Some viruses don’t just harm your computer. They recruit it. Botnet malware quietly takes control of your device and connects it to a network of thousands or even hundreds of thousands of other infected machines. The attacker then uses this army of “zombie” computers to launch massive attacks against websites, businesses, or government systems.

These distributed denial-of-service (DDoS) attacks flood a target with so much traffic that it goes offline. Your infected device is both a tool and a victim in this scenario. Your internet slows down, your bandwidth gets consumed, and you may not even realize it’s happening. The Cybersecurity and Infrastructure Security Agency (CISA) notes that infection of internet-connected devices often goes completely unnoticed by their owners, making it easy for attackers to compromise hundreds of thousands of machines for large-scale attacks.
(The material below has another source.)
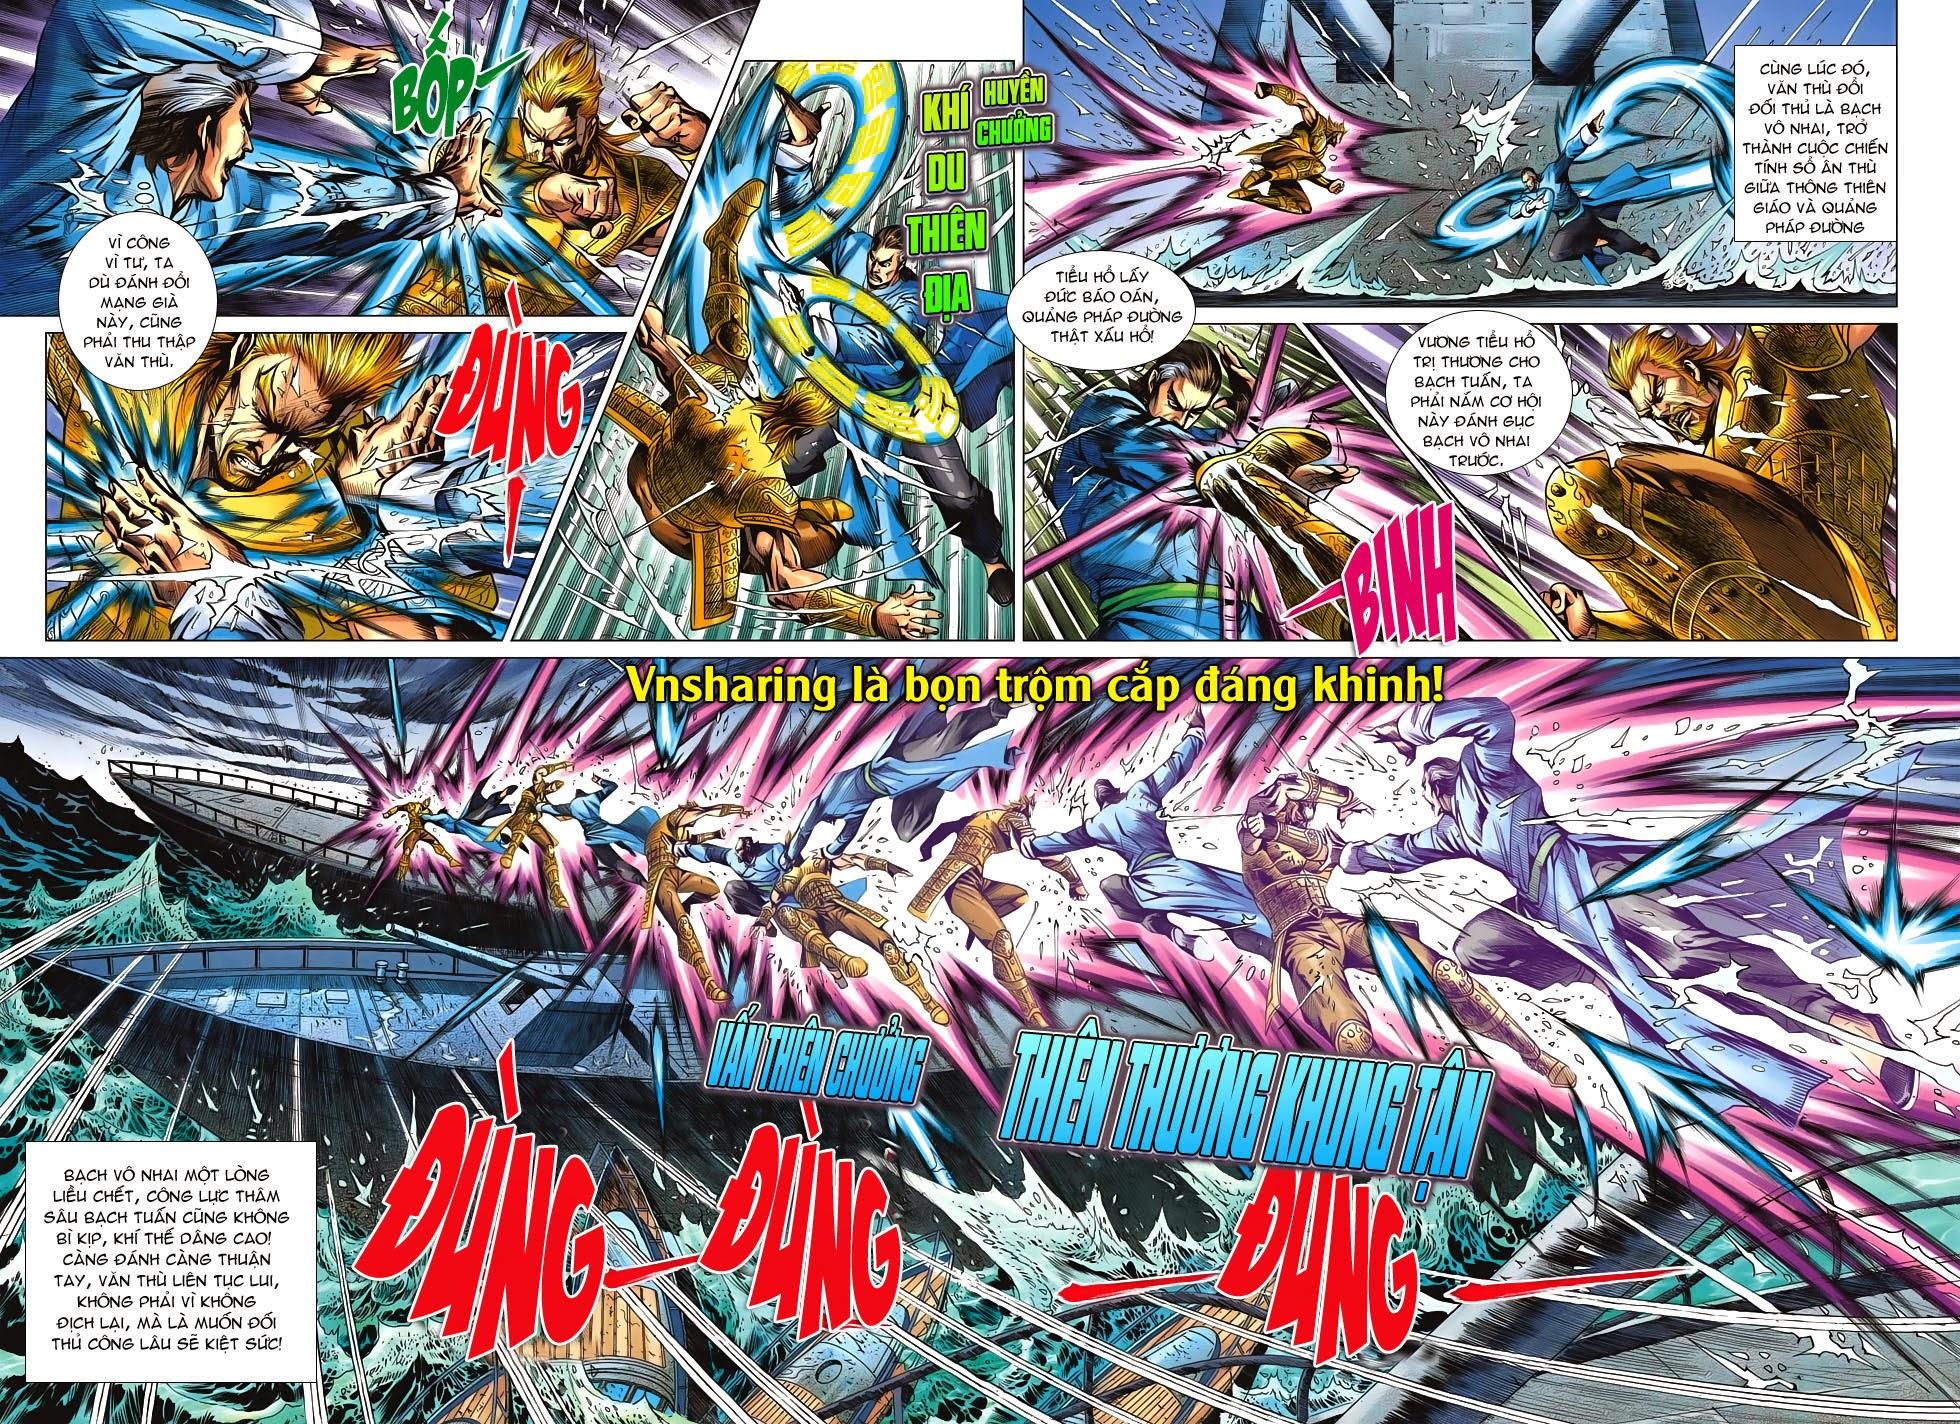 Tân Tác Long Hổ Môn Chap 606 page 8 - Truyentranhaz.net

In some cases, your internet provider may flag or throttle your connection if it detects suspicious outbound traffic from your network.

They Can Threaten Physical Infrastructure

The danger of viruses extends beyond personal computers and business networks. Malware can target the systems that control physical infrastructure: power grids, water treatment plants, manufacturing equipment, and communication networks. Researchers at Georgia Tech demonstrated this by infecting an industrial controller connected to a motor, causing it to spin at unsafe speeds. In real-world scenarios, this type of attack could shut off power relays, disable water pumps, or disrupt telephone and internet services.
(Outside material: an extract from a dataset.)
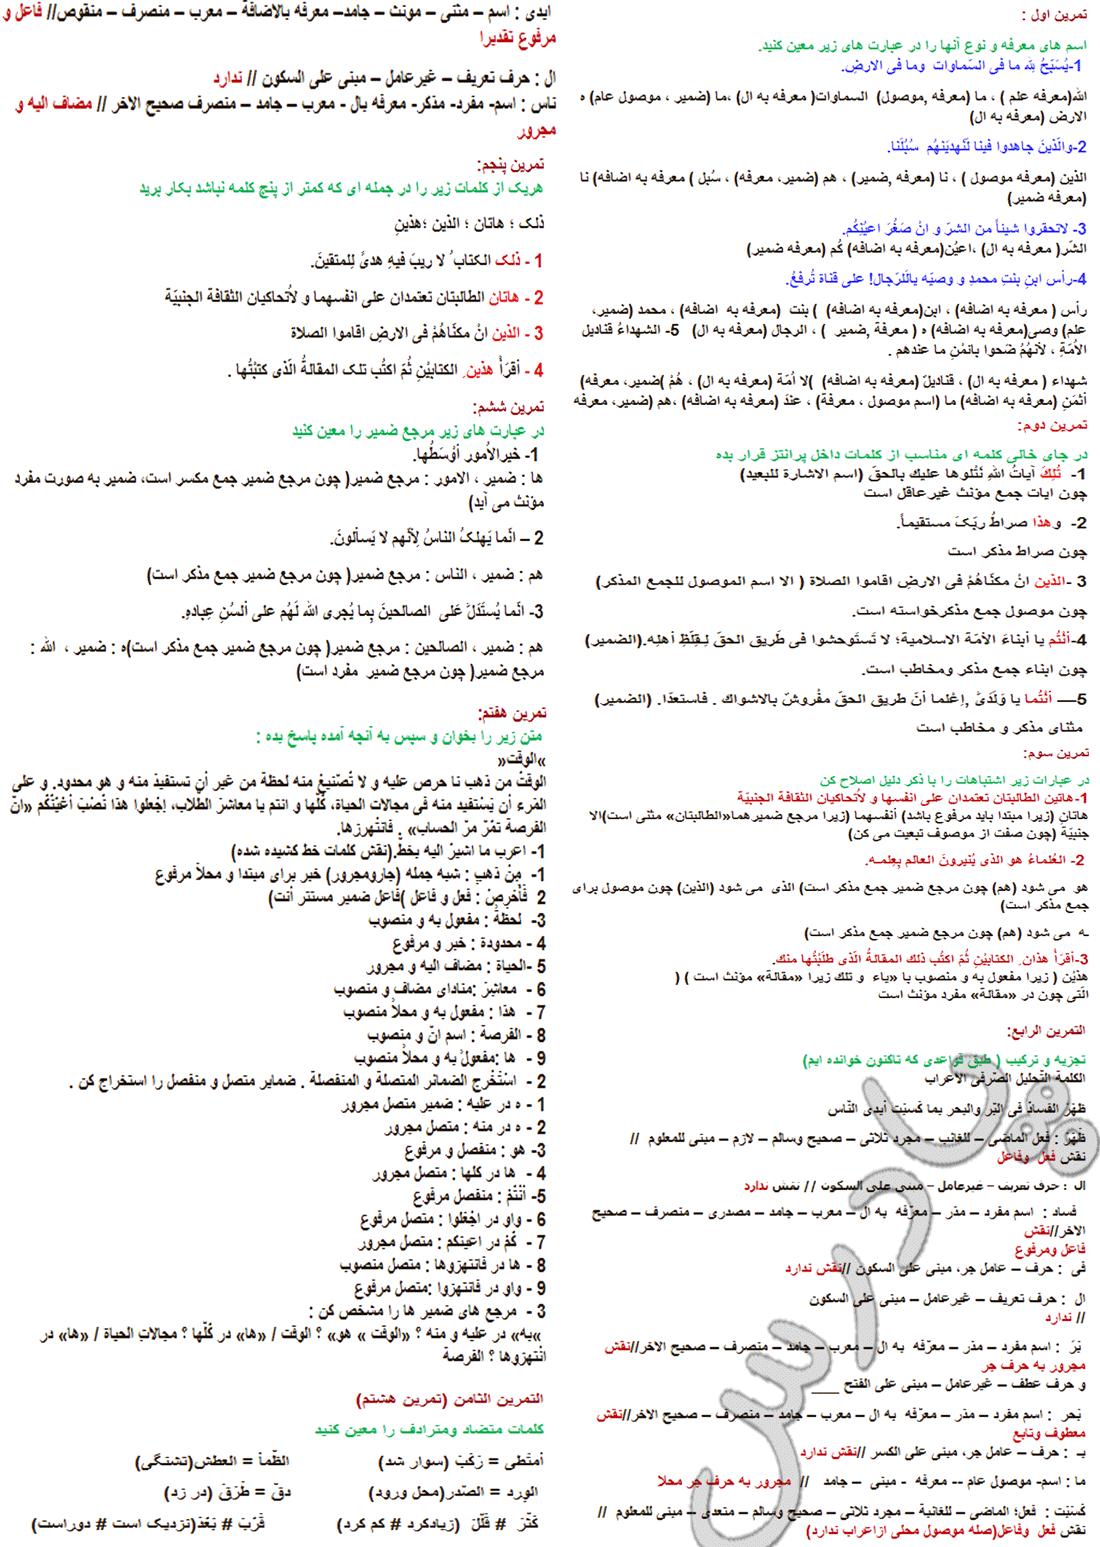 حل تمرینات درس 3 عربی پیش دانشگاهی انسانی

The implications are severe. Hospitals running on compromised systems can’t access patient records or operate critical equipment. A power grid taken offline in winter puts lives at risk. These aren’t hypothetical scenarios. Attacks on infrastructure have already occurred in multiple countries, and the systems controlling much of this infrastructure were designed decades ago with minimal security in mind.
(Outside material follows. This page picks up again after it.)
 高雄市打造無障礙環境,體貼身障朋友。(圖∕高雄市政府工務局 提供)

How to Tell Your Computer Is Infected

Many viruses are designed to stay hidden, but infections often produce noticeable symptoms if you know what to look for. A computer that suddenly runs much slower than usual, takes a long time to start up, or freezes frequently may be infected. Unexpected pop-ups are another red flag, especially ones claiming something is wrong with your PC and urging you to click. These pop-ups can install additional malware if you click anywhere on them, including the close or cancel buttons.

Other signs include programs opening or closing on their own, files that have moved or disappeared, unfamiliar programs appearing in your startup list, and your hard drive or fans running constantly even when you’re not doing anything demanding. Unusual spikes in network activity, which you can check through your operating system’s activity monitor, suggest something on your machine is sending data out. If your browser redirects you to unfamiliar websites or your homepage changes without your input, that’s another strong indicator.

Why Viruses Keep Getting More Costly

The financial toll of computer viruses and malware continues to climb because attacks are becoming more targeted and more sophisticated. The $16 billion in losses reported to the FBI in 2024 only reflects what victims actually reported. The true figure is almost certainly higher, since many individuals and small businesses never file complaints. Investment fraud involving cryptocurrency alone accounted for over $6.5 billion of those losses.

For individuals, the costs include stolen money, the expense of replacing damaged hardware, lost productivity, and the time spent recovering accounts and monitoring credit. For businesses, add legal liability, regulatory fines, lost customer trust, and operational downtime. The gap between the cost of preventing infection (keeping software updated, using reputable security tools, being cautious with email attachments and downloads) and the cost of recovering from one is enormous. Prevention is measured in minutes and modest expense. Recovery is measured in weeks, thousands of dollars, and sometimes permanent loss.